#### Work item
Transcribe everything in the records exactly. Skip the images.

#### Data provided
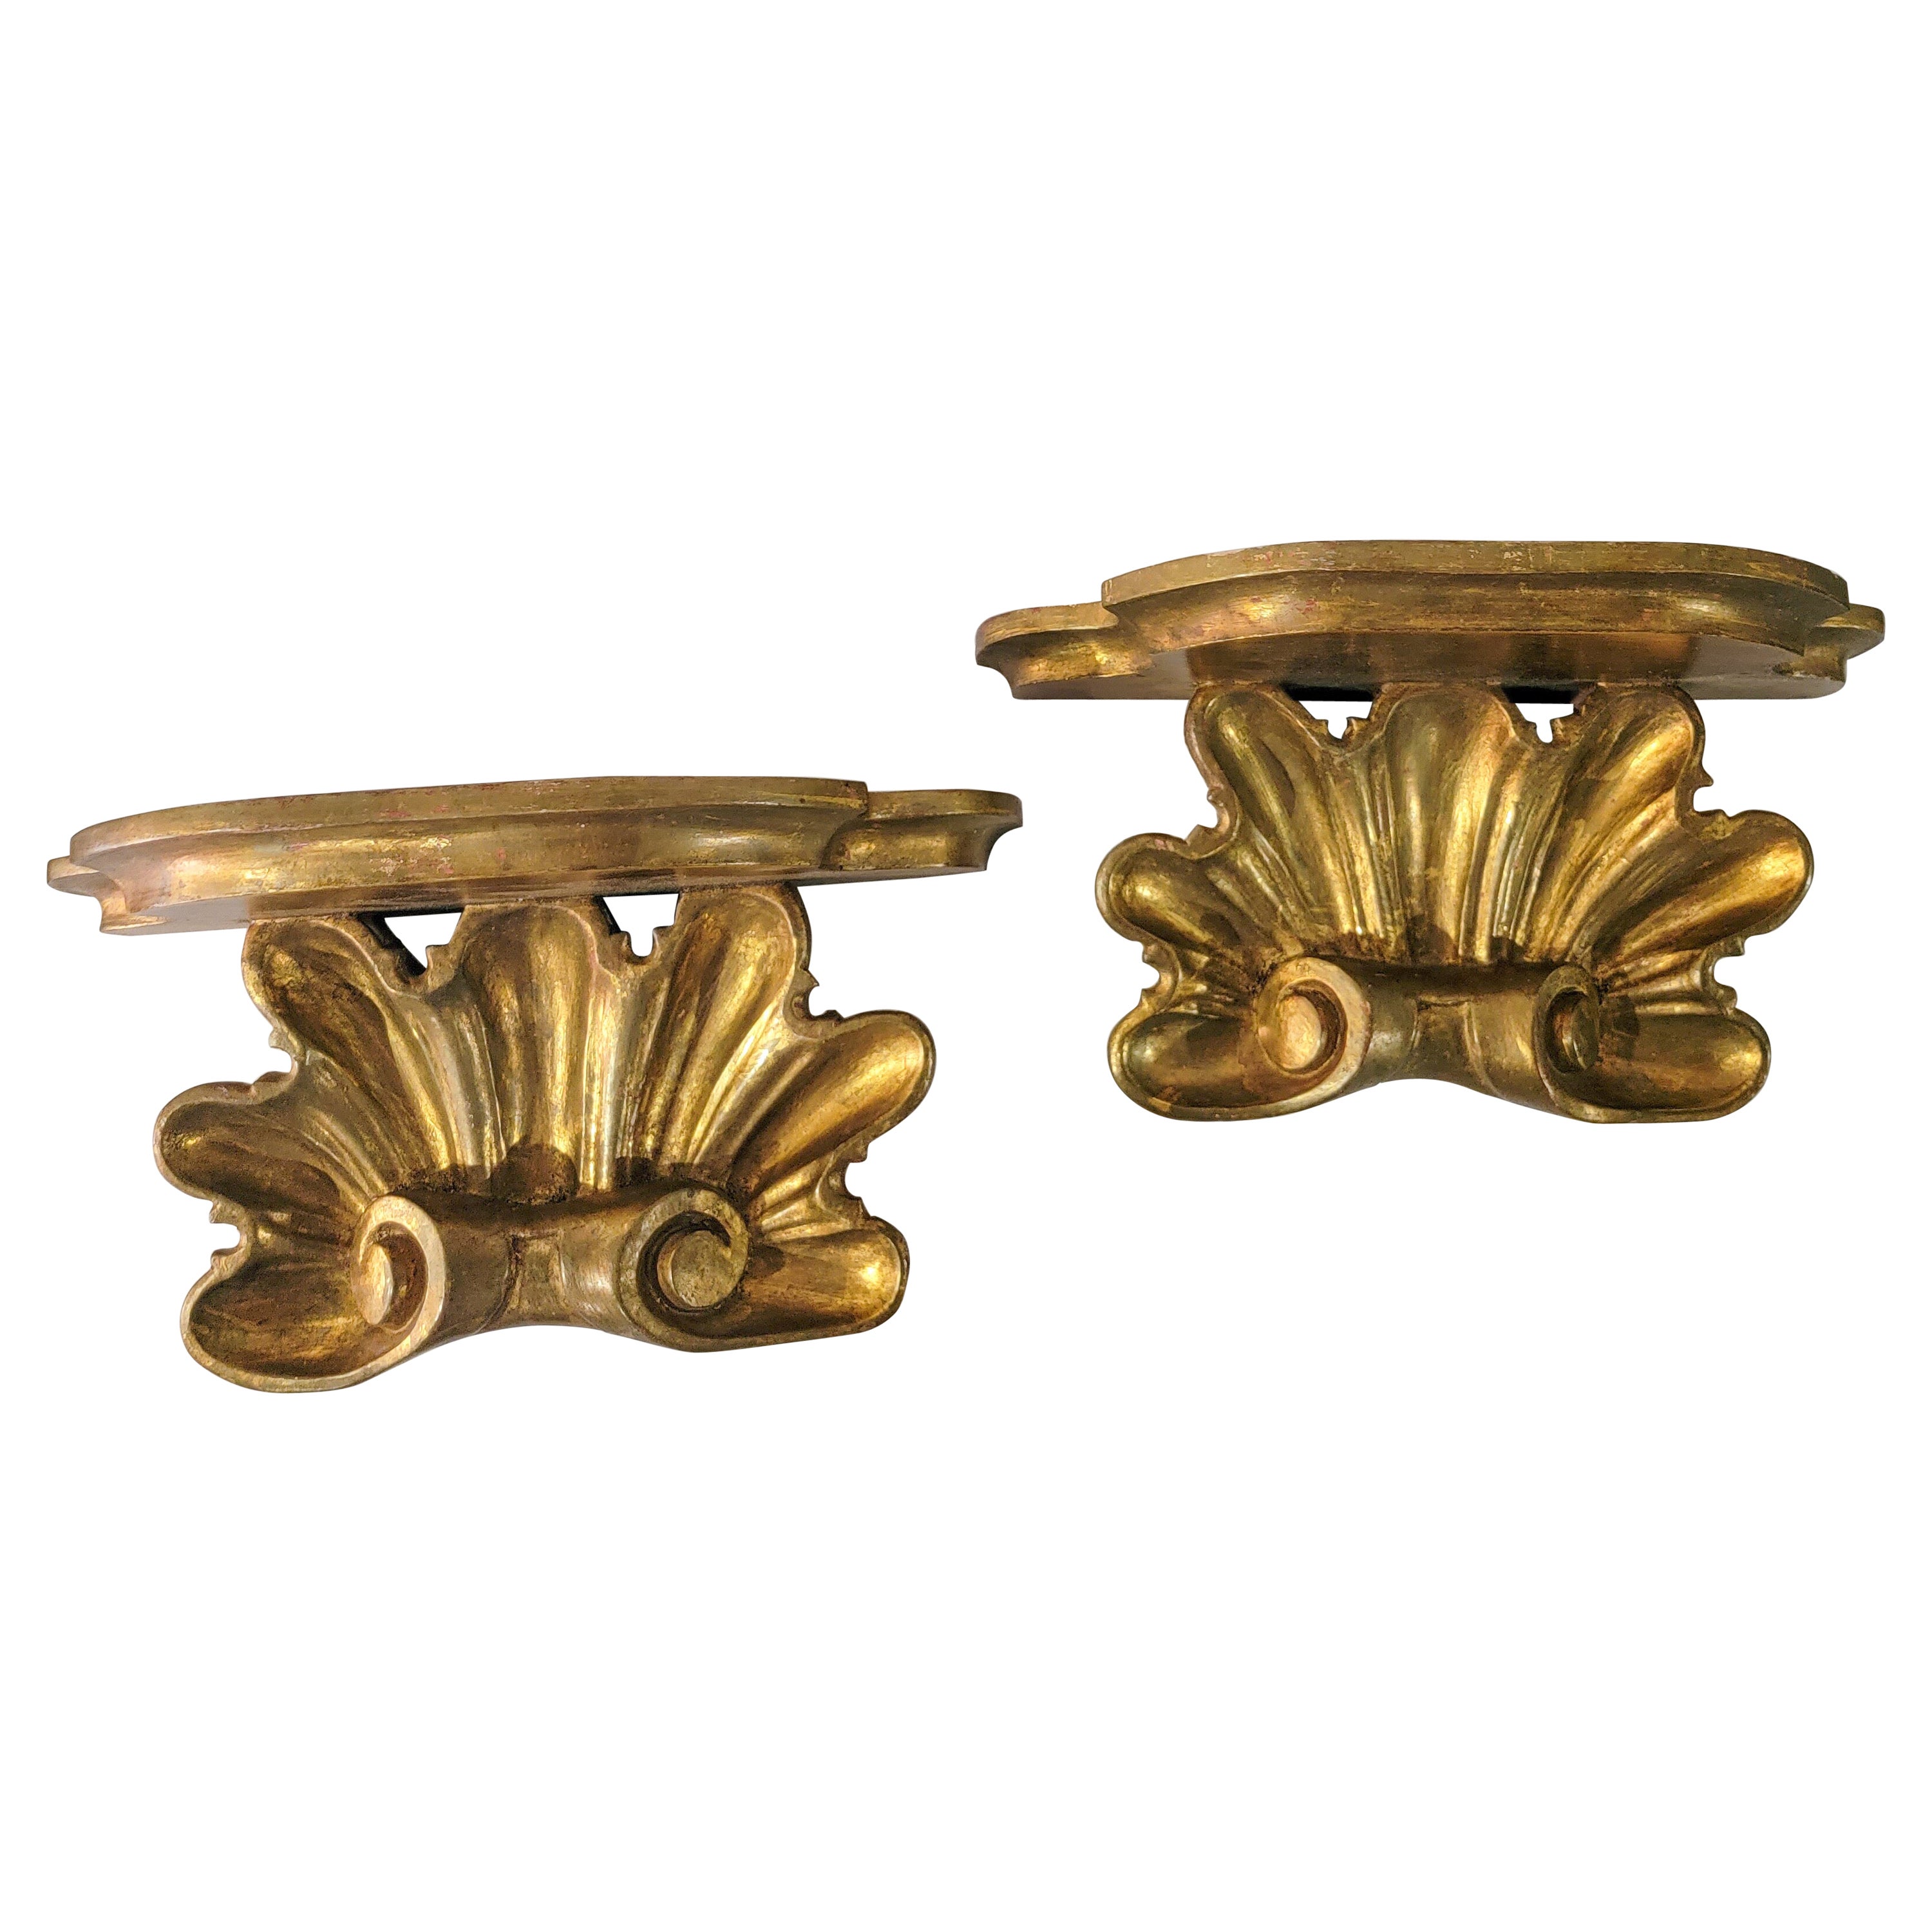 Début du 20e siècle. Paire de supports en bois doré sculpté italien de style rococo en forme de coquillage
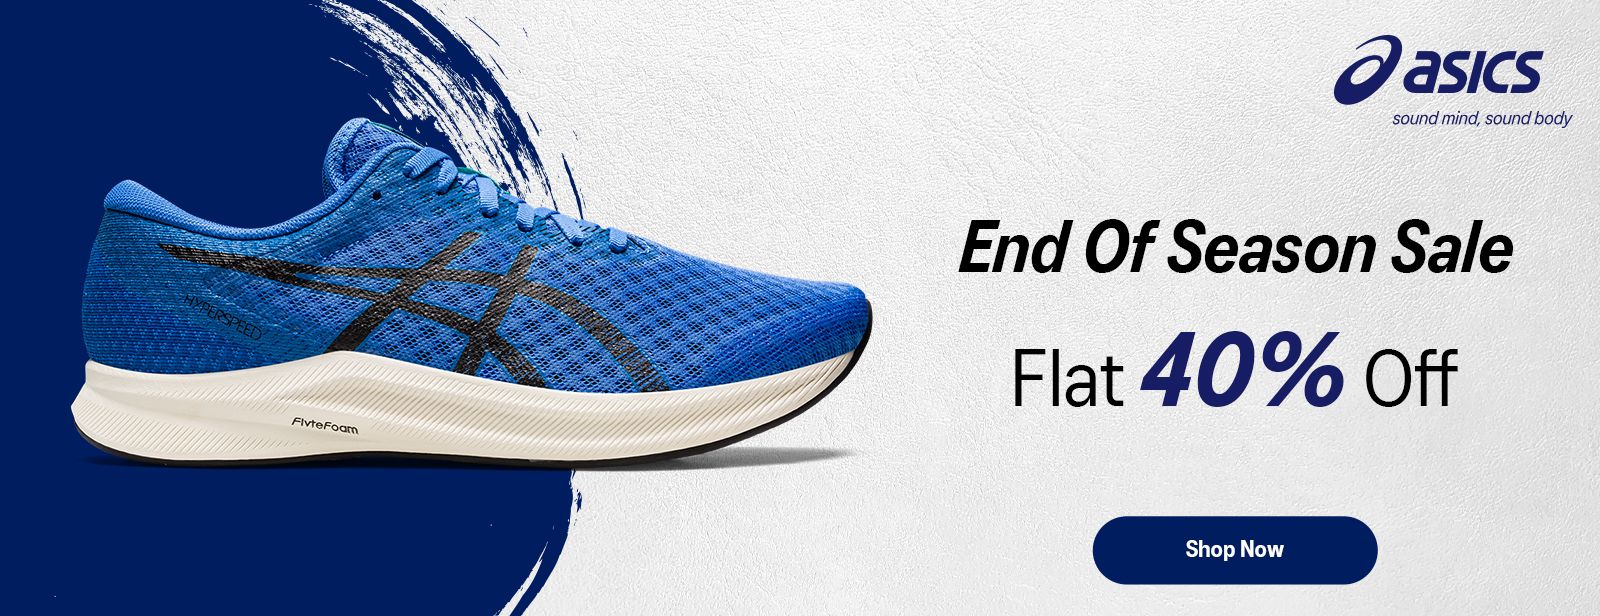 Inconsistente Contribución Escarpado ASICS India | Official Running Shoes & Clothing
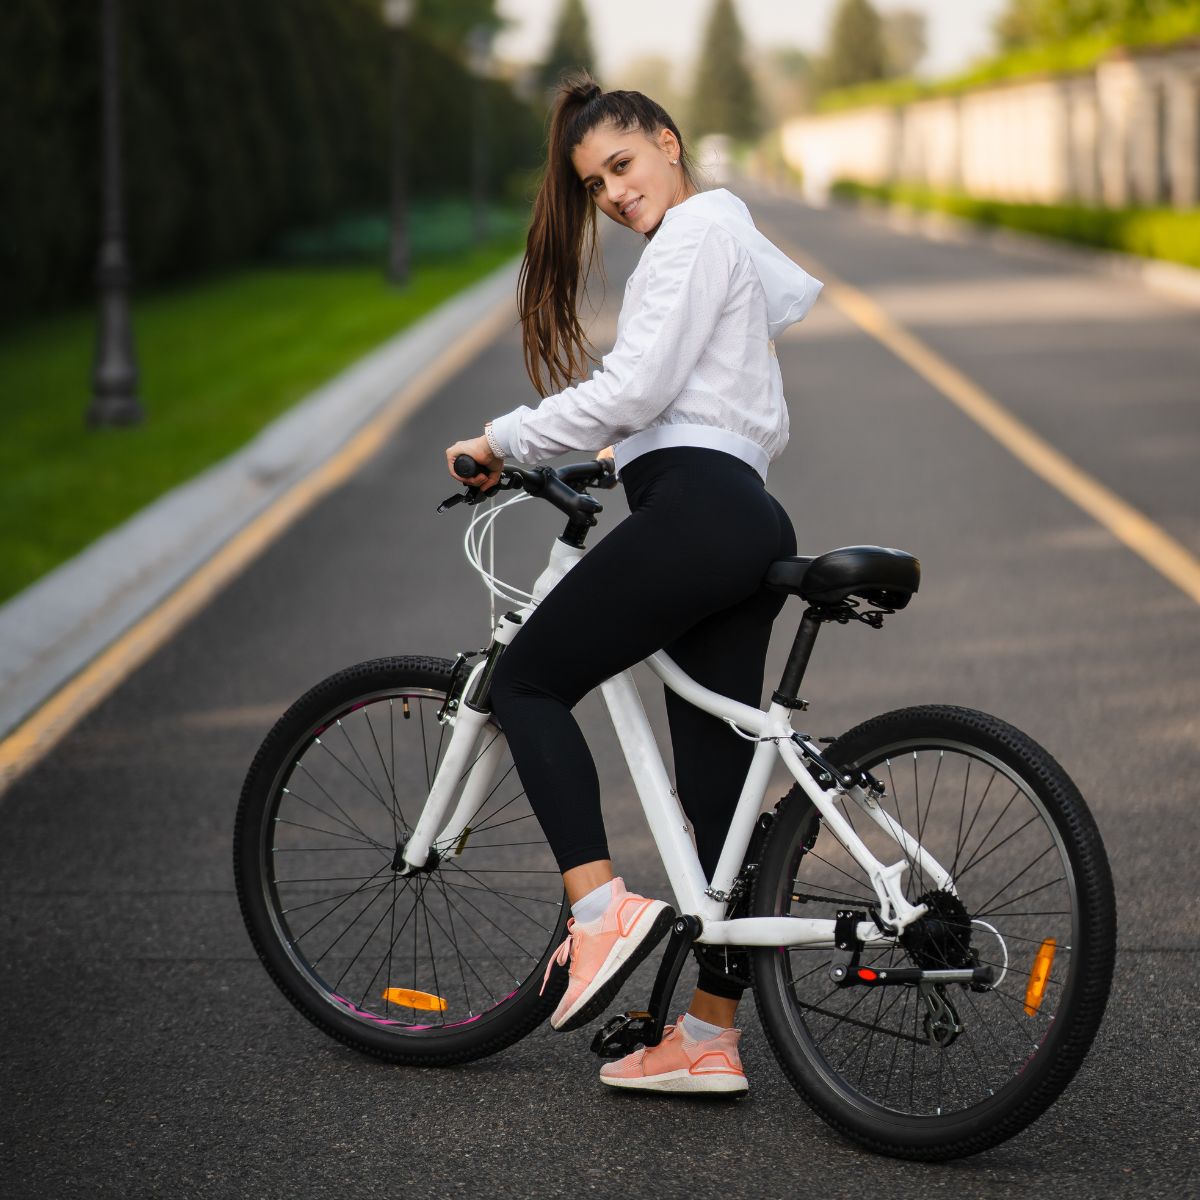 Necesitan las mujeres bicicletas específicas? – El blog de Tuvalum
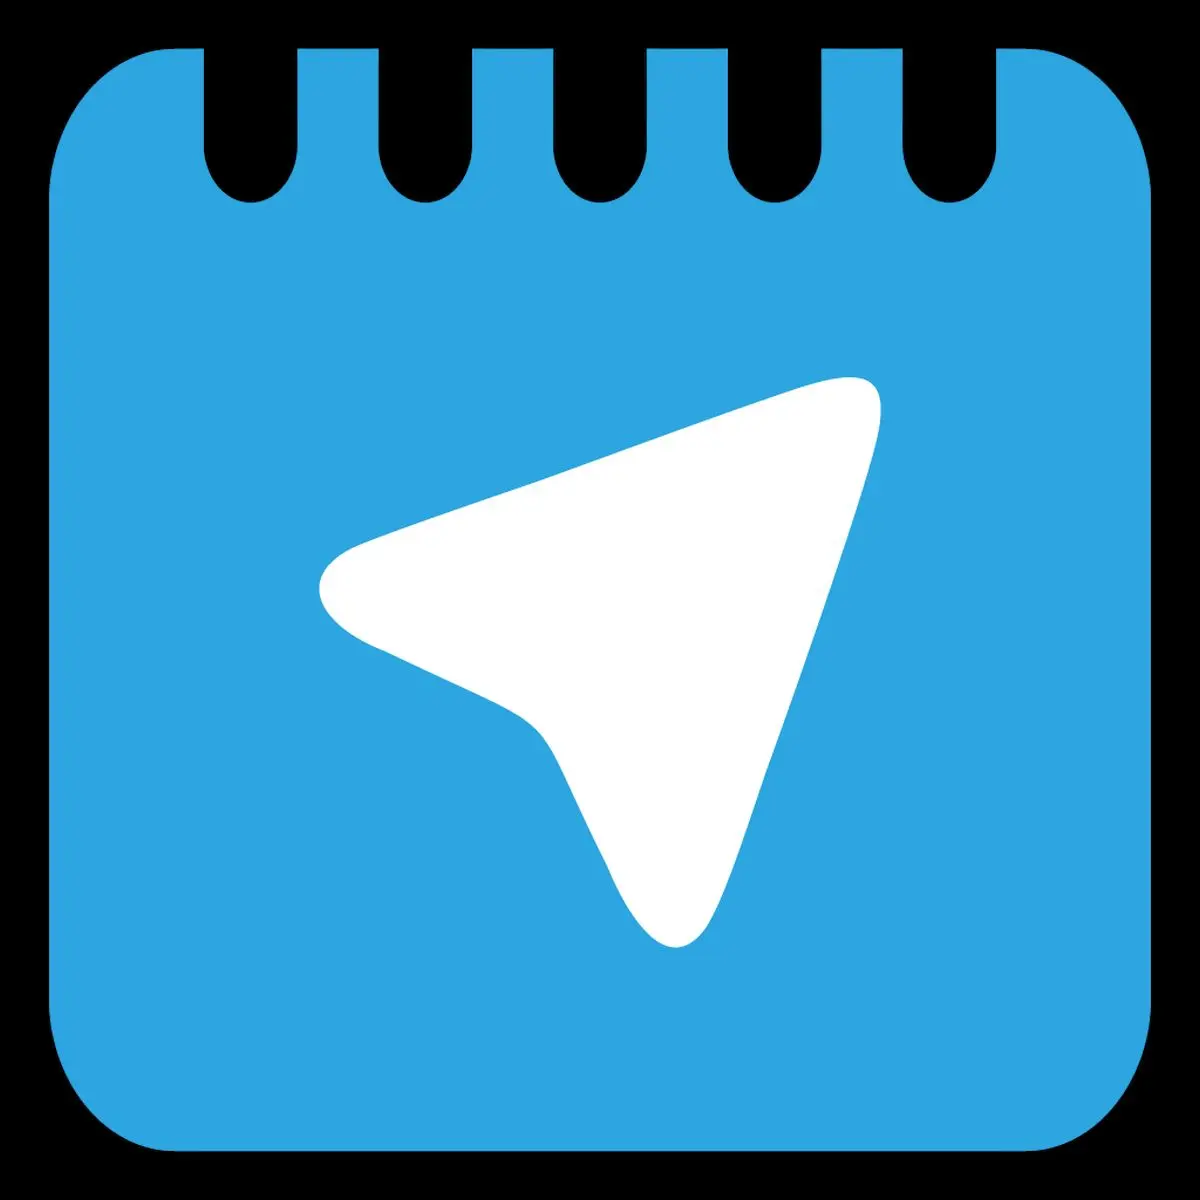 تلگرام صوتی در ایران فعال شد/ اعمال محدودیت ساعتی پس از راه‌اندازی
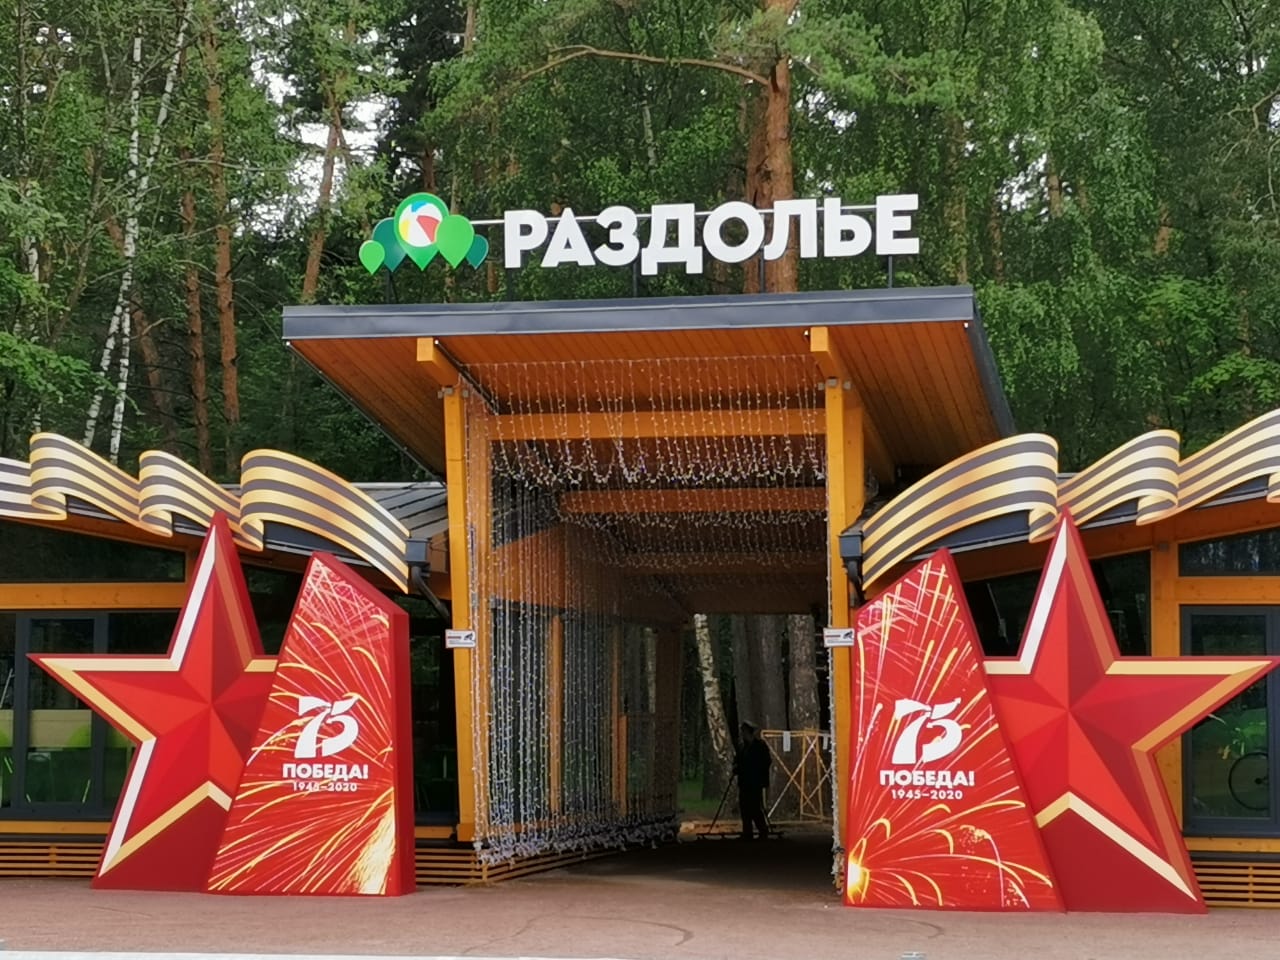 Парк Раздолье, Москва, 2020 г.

#### Result for this task
 Début du 20e siècle. Paire de supports en bois doré sculpté italien de style rococo en forme de coquillage
 Inconsistente Contribución Escarpado ASICS India | Official Running Shoes & Clothing
 Necesitan las mujeres bicicletas específicas? – El blog de Tuvalum
 تلگرام صوتی در ایران فعال شد/ اعمال محدودیت ساعتی پس از راه‌اندازی
 Парк Раздолье, Москва, 2020 г.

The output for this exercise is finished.